Four variants are available:

Dataset	`--public-dataset`	Description
NuminaMath-TIR	`aimo`	Tool-integrated reasoning problems
NuminaMath-CoT	`aimo_numina_cot`	Chain-of-thought reasoning problems (~859k)
NuminaMath-1.5	`aimo_numina_1_5`	Latest NuminaMath release
AIME Validation	`aimo_aime`	90 AIME competition problems

This guide covers profiling OpenAI-compatible chat completions endpoints using the AIMO public datasets.

Start a vLLM Server

Launch a vLLM server with a chat model:

$ docker pull vllm/vllm-openai:latest
$ docker run --gpus all -p 8000:8000 vllm/vllm-openai:latest \
>   --model Qwen/Qwen3-0.6B

Verify the server is ready:

$ curl -s localhost:8000/v1/chat/completions \
>   -H "Content-Type: application/json" \
>   -d '{"model":"Qwen/Qwen3-0.6B","messages":[{"role":"user","content":"test"}],"max_tokens":1}'

AIPerf loads the AIMO dataset from HuggingFace and uses each problem as a single-turn prompt.

AIMO problems elicit long chain-of-thought responses.

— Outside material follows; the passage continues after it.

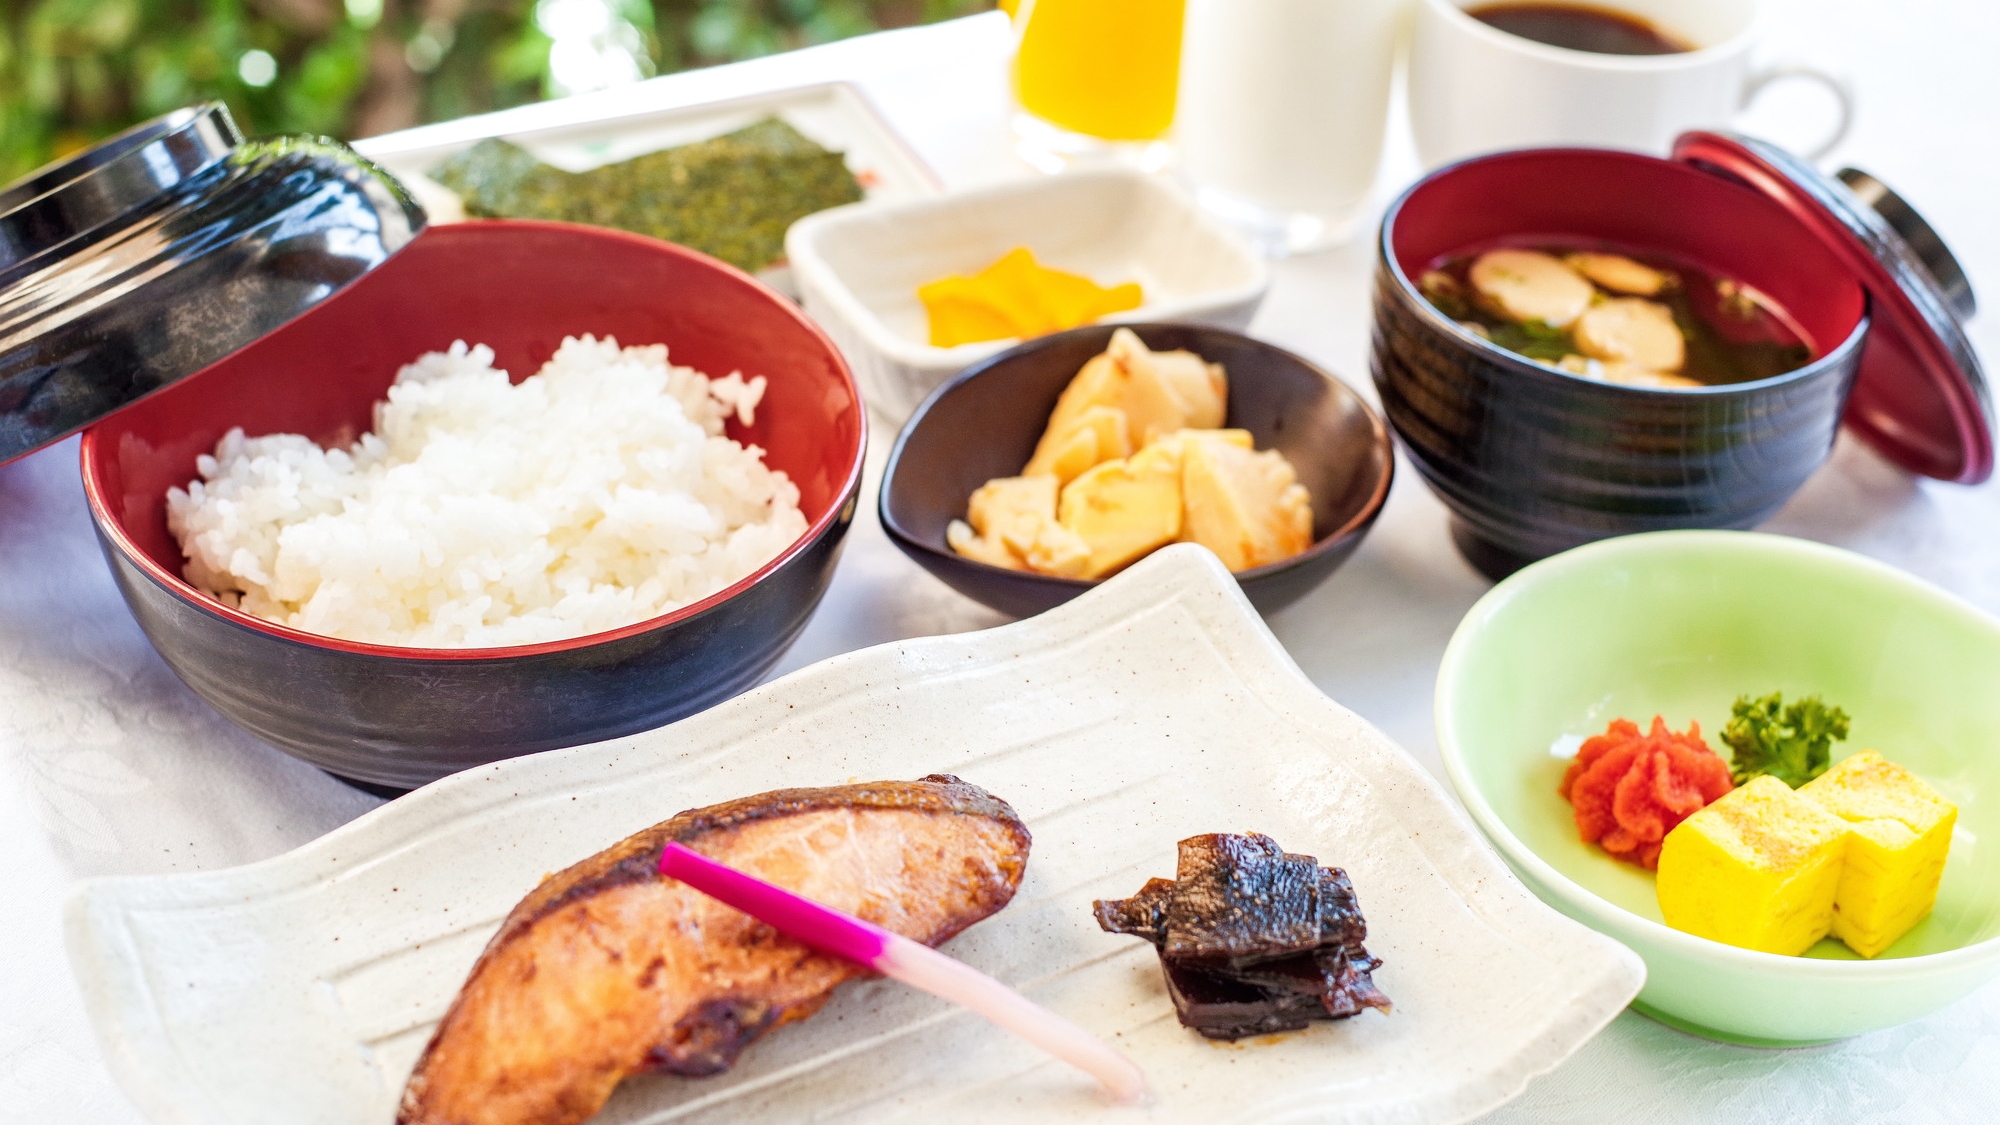 【朝食】和食のメインの焼魚は5種類を日替わりでご提供♪ お米は、兵庫県但馬産の棚田米を使用。

Use --prompt-output-tokens-mean to cap output length and reduce benchmark duration:

$ aiperf profile \
>     --model Qwen/Qwen3-0.6B \
>     --endpoint-type chat \
>     --streaming \
>     --url localhost:8000 \
>     --public-dataset aimo \
>     --request-count 10 \
>     --concurrency 4 \
>     --prompt-output-tokens-mean 512

Sample Output (Successful Run):

                                        NVIDIA AIPerf | LLM Metrics
┏━━━━━━━━━━━━━━━━━━━━━━┳━━━━━━━━━━━┳━━━━━━━━━━━┳━━━━━━━━━━━┳━━━━━━━━━━━┳━━━━━━━━━━━┳━━━━━━━━━━━┳━━━━━━━━━━┓
┃               Metric ┃       avg ┃       min ┃       max ┃       p99 ┃       p90 ┃       p50 ┃      std ┃
┡━━━━━━━━━━━━━━━━━━━━━━╇━━━━━━━━━━━╇━━━━━━━━━━━╇━━━━━━━━━━━╇━━━━━━━━━━━╇━━━━━━━━━━━╇━━━━━━━━━━━╇━━━━━━━━━━┩
│  Time to First Token │  1,509.04 │    687.93 │  1,879.53 │  1,879.53 │  1,879.51 │  1,563.66 │   430.29 │
│                 (ms) │           │           │           │           │           │           │          │
│ Time to Second Token │     56.44 │     32.27 │     86.48 │     84.59 │     67.58 │     53.16 │    14.62 │
│                 (ms) │           │           │           │           │           │           │          │
│ Request Latency (ms) │ 32,823.02 │ 18,943.44 │ 38,431.19 │ 38,431.18 │ 38,431.07 │ 34,163.15 │ 7,192.79 │
│  Inter Token Latency │     61.40 │     35.80 │     71.72 │     71.72 │     71.67 │     63.92 │    13.26 │
│                 (ms) │           │           │           │           │           │           │          │
│         Output Token │     17.42 │     13.94 │     27.94 │     27.94 │     27.93 │     15.64 │     5.31 │
│  Throughput Per User │           │           │           │           │           │           │          │
│    (tokens/sec/user) │           │           │           │           │           │           │          │
│      Output Sequence │    511.00 │    511.00 │    511.00 │    511.00 │    511.00 │    511.00 │     0.00 │
│      Length (tokens) │           │           │           │           │           │           │          │
│       Input Sequence │     56.90 │     31.00 │     84.00 │     83.46 │     78.60 │     53.00 │    17.59 │
│      Length (tokens) │           │           │           │           │           │           │          │
│         Output Token │     55.82 │       N/A │       N/A │       N/A │       N/A │       N/A │      N/A │
│           Throughput │           │           │           │           │           │           │          │
│         (tokens/sec) │           │           │           │           │           │           │          │
│   Request Throughput │      0.11 │       N/A │       N/A │       N/A │       N/A │       N/A │      N/A │
│       (requests/sec) │           │           │           │           │           │           │          │
│        Request Count │     10.00 │       N/A │       N/A │       N/A │       N/A │       N/A │      N/A │
│           (requests) │           │           │           │           │           │           │          │
└──────────────────────┴───────────┴───────────┴───────────┴───────────┴───────────┴───────────┴──────────┘

Higher request latency compared to conversational datasets is expected — AIMO problems require extended chain-of-thought reasoning and produce significantly longer outputs.